2. Hardening is the second stage in the process of sedimentary

reinforcing. The samples are rapidly cooled to a lower, typically room
temperature, and the cooling medium is usually water. The structure
of the alloy x1 after hardening to a temperature T3 at point D, consist
of a supersaturated - solid solution .
3. Aging is the third stage in the process of sedimentary reinforcing. Fine
dispersed sediment is main objective in this process. Fine sediment in
the alloy slows down the movement of dislocations during
deformations, forcing dislocations to cut all of the precipitated
particles. By restricting the movement of dislocations during
deformation, alloy become reinforced.

Dispersed reinforcing
Incoherent particles that occur in alloys, in which secondary phases are
formed by thermal deposition , usually caus small reinforcing effects.

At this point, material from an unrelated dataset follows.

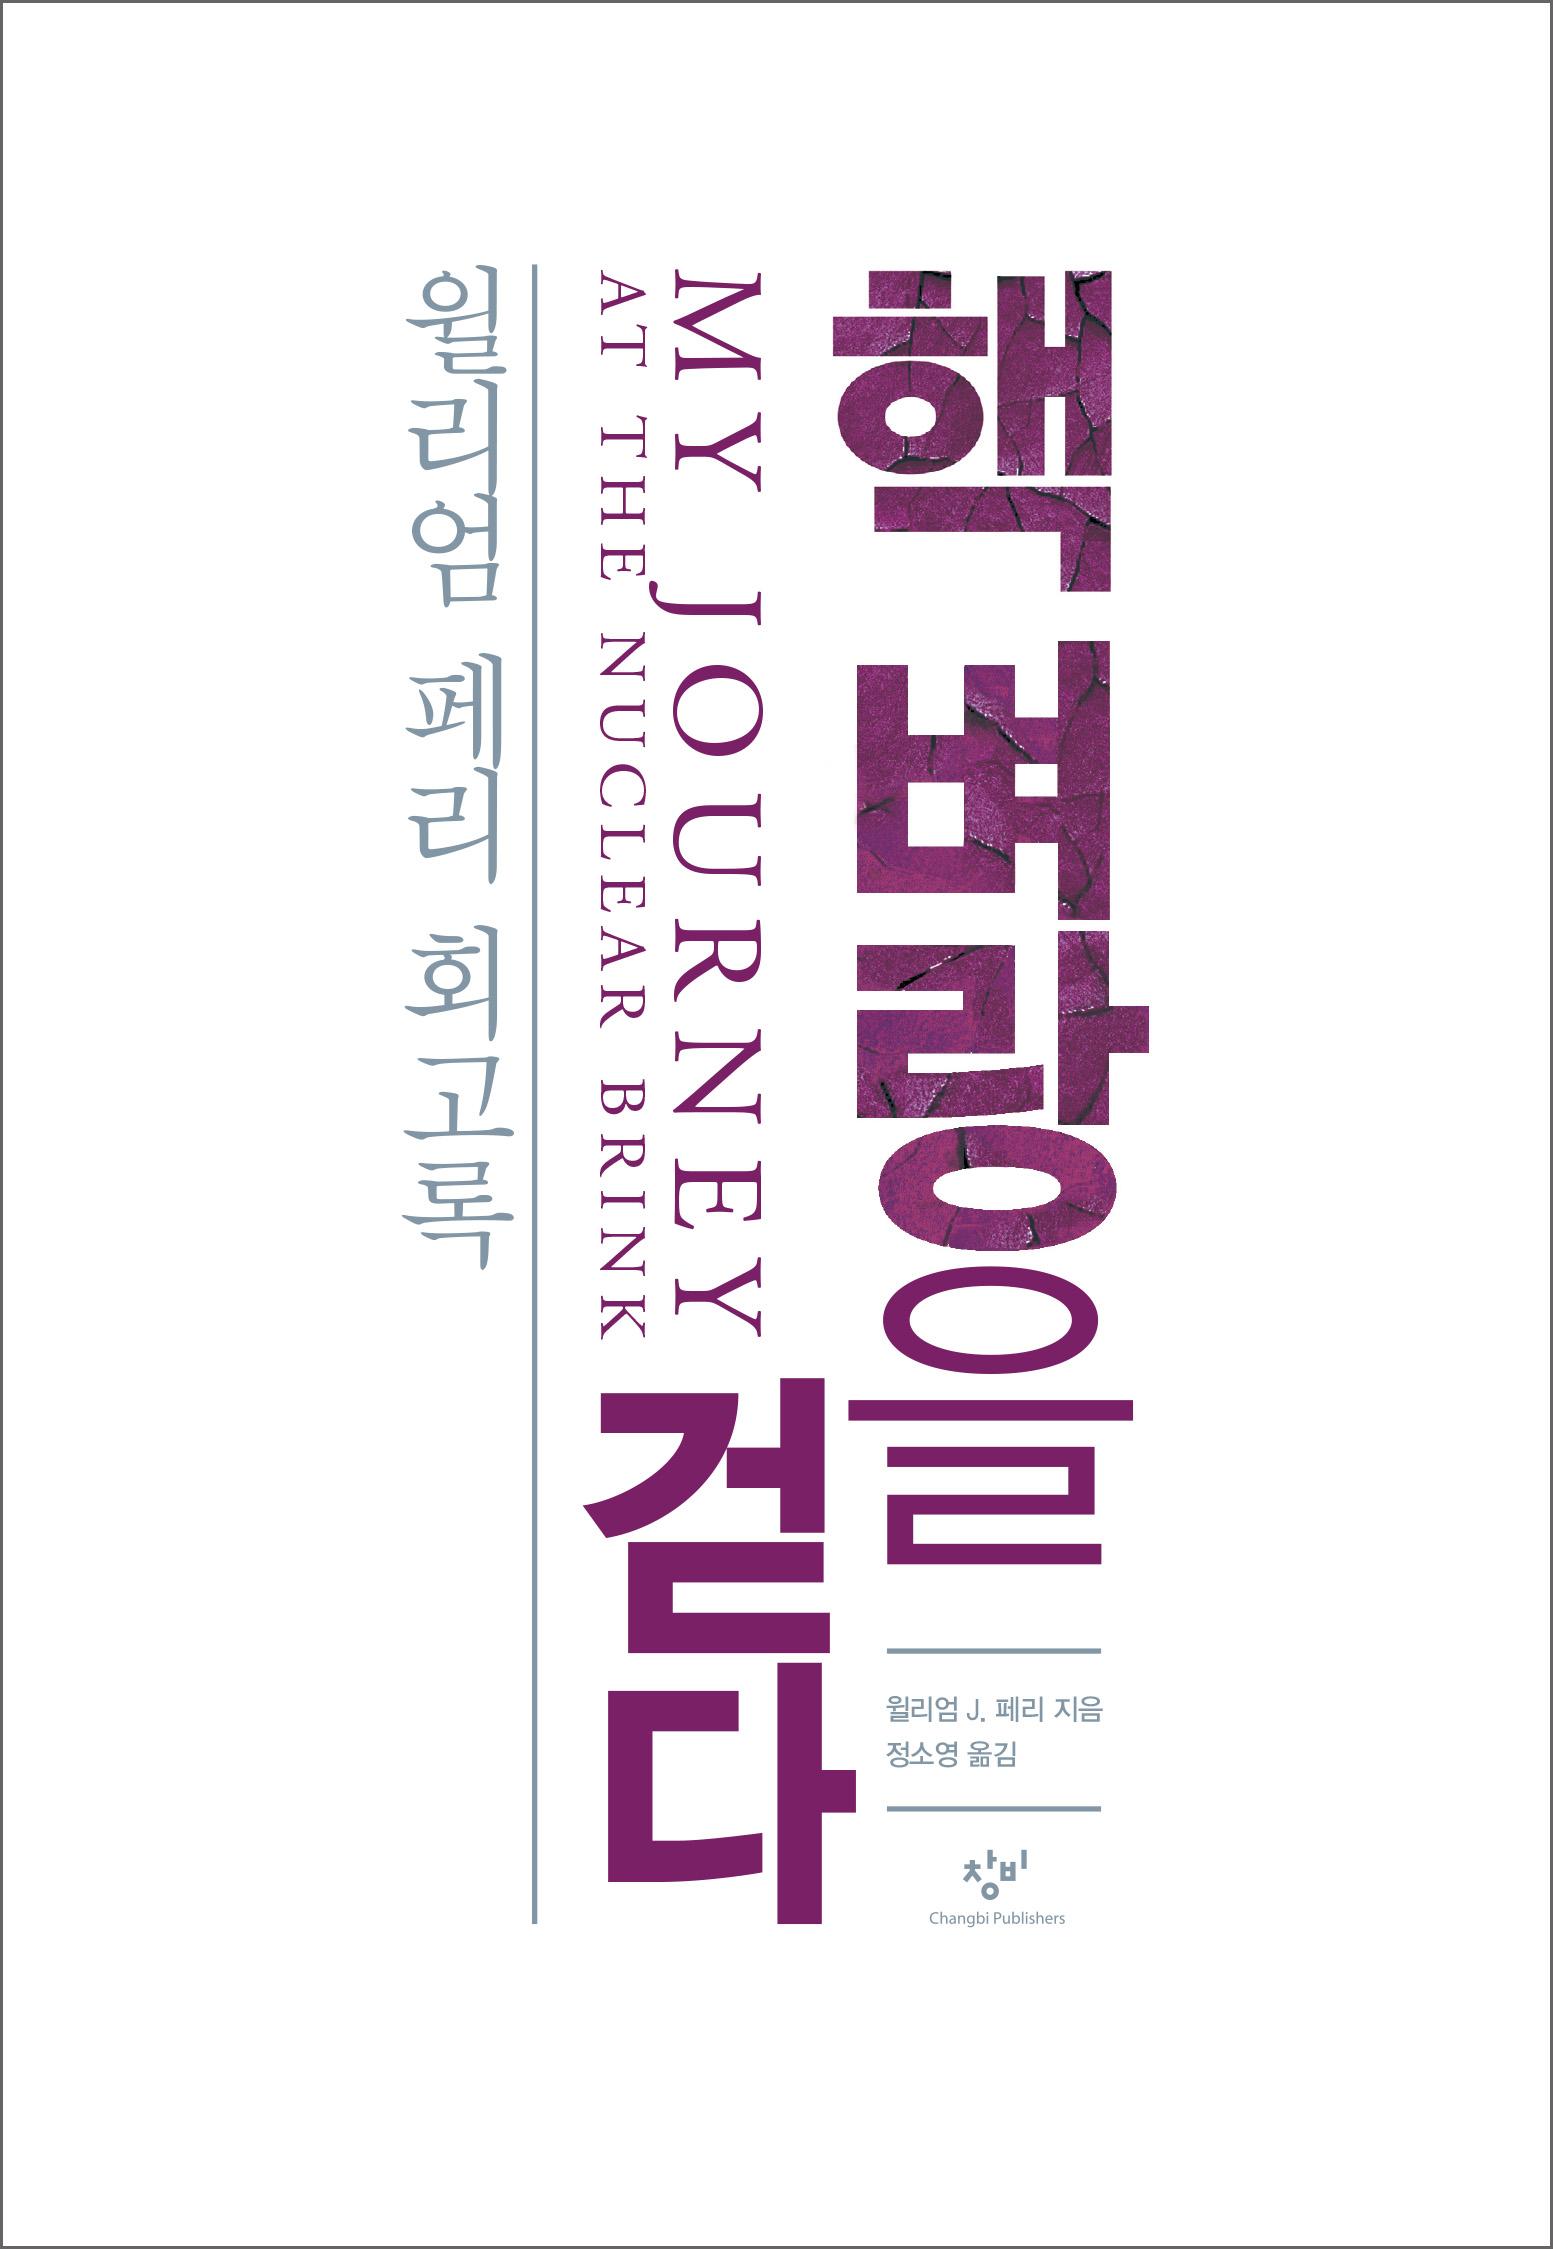 Korean Book cover01.jpg

However, incoherent particles are very important in alloys in which the fine
dispersion of secondary phases is achieved by these procedures: internal
oxidation, carbonization and nitriding. Secondary phases are in that case,
usually , a stable compounds , e.g., oxides , carbides , nitrides, borides
Reinforcing by dispersion od secondary stable phases is known as dispersed
reinforcing. Special alloys , which are obtained by thermal deposition of
internal oxidation makes up only a small part of the total production of
alloys containing secondary phases. The largest part of production is related
to alloys in which the secondary phases are formed by eutectic reaction (cast
iron, steel, Al - Cu, Pb - Sn). In this case, secondary phases are not dispersed
so well, and thats why the reinforcing isnt on the high level. In alloys that
contains a dispersed second phases, dislocations must be stored between the
particles. If the distance between the particles is short, dislocations must be
Dispersed phase affecting the movement of dislocations in two ways:
1. The coherent and partially coherent particles cause elastic deformation
of the basic grid, also called coherent internal voltages. Coherent
voltages react with the stress field around the dislocations and oppose
their movement. Since that there are reacted fields elastic voltage, and
the reaction may be defined as the elastic reaction.
2. Same particles represent a physical barrier that redeployment should
be overcome. Dislocations can react with particles in two ways:
cutting mechanism, or circumvent mechanism. Cutting mechanism is
defined as a chemical reaction, and circumvent mechanism is defined
as the dispersed reaction. The chemical reaction occurs most
frequently between dislocations and coherent or partially coherent
particles. However, incoherent particles can also to enter into a
chemical reaction with the dislocation. Disperse reaction usually
occurs between dislocations and incoherent particles of high strength.